Shearing wages were also not competitive with other industries, he said, which could be part of the reason why the industry's workforce had declined by 32 per cent since 2006.
"The so called auction or bidding war did start with growers, it was a natural commercial reaction to jump the queue," he said.
"You've kind of got one set of producers making it more difficult for another set of producers.
"Only 18 per cent of our workers - that's close to one in six - earnt more than $84000 a year as a gross taxable income.
"No one in Australia thinks $84000 is a lot of money anymore. If we've got 82 per cent of workers earning below what we would consider a reasonably good living, then that must go a long way to explaining why we've lost 32 per cent of our workforce."
"We can't have a scenario where for farmers, the cost of production is too high and they don't want sheep anymore... but we can't have a situation where our workforce is not earning enough competitively with other industries."
He agreed that spreading shearing work throughout the year could help, and the Shearing Contractors' Association of Australia had proposed seasonal rates of pay.

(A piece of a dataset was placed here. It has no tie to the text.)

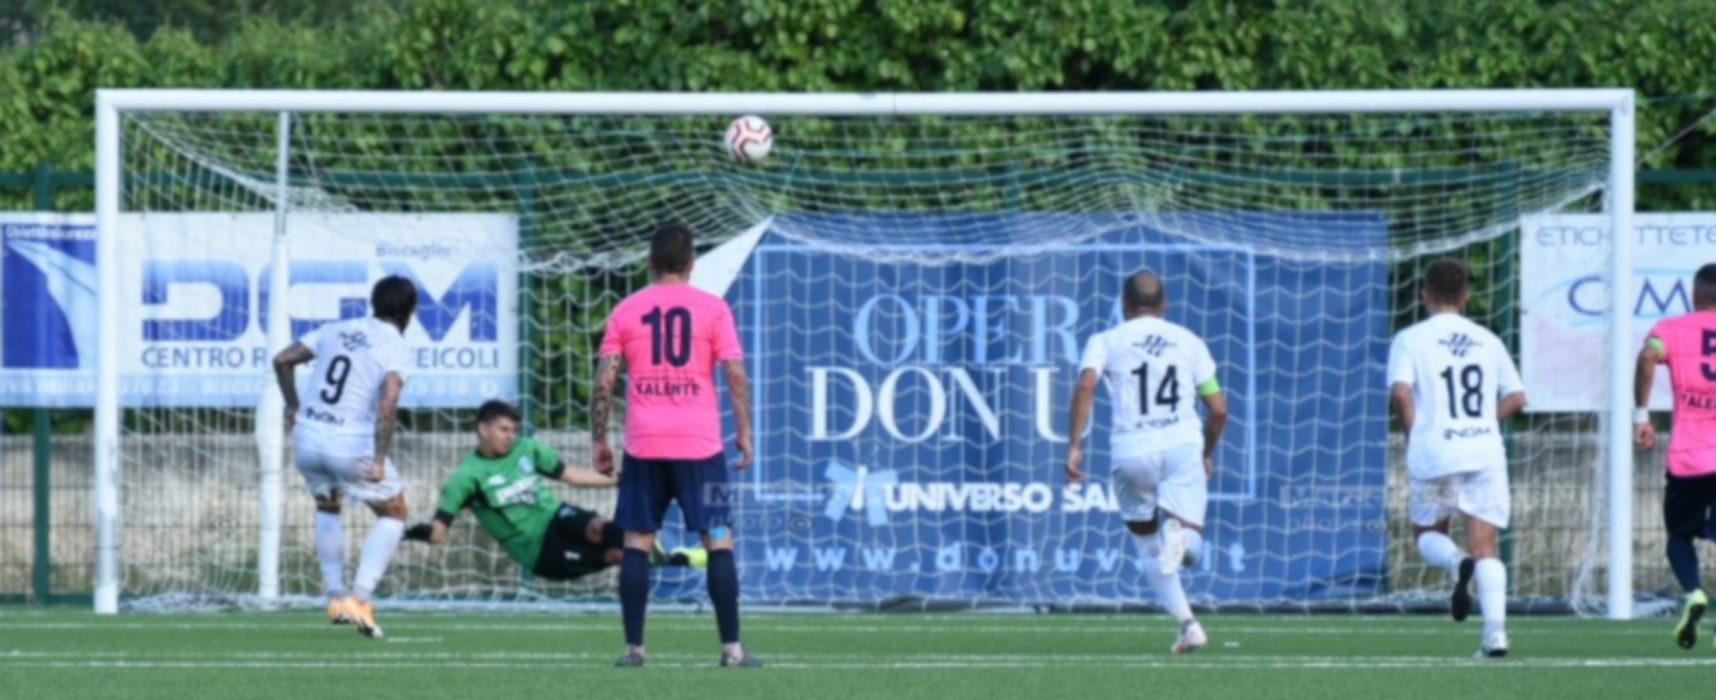 L'Unione Calcio impatta contro il Corato, a segno il baby Petrignani

"You would have a peak season of shearing, and that would obviously be spring, and then you could have lower seasons, being winter in Victoria, where they go back to the award rate," he said.
"Those producers that were price sensitive, they would then have an incentive to adjust their farming cycles so they did that shearing process during the low season and get the base rate.
"But those who are not price sensitive, they're big croppers or big in other areas, and shearing is an inconvenience to them and they're happy to do it when it suits them, well they pay the premium.
"Then those workers, instead of being flat out and missing out on work to overseas workers because they can't do it all in that season, then that work is spread out over a longer period of time and farmers would benefit too."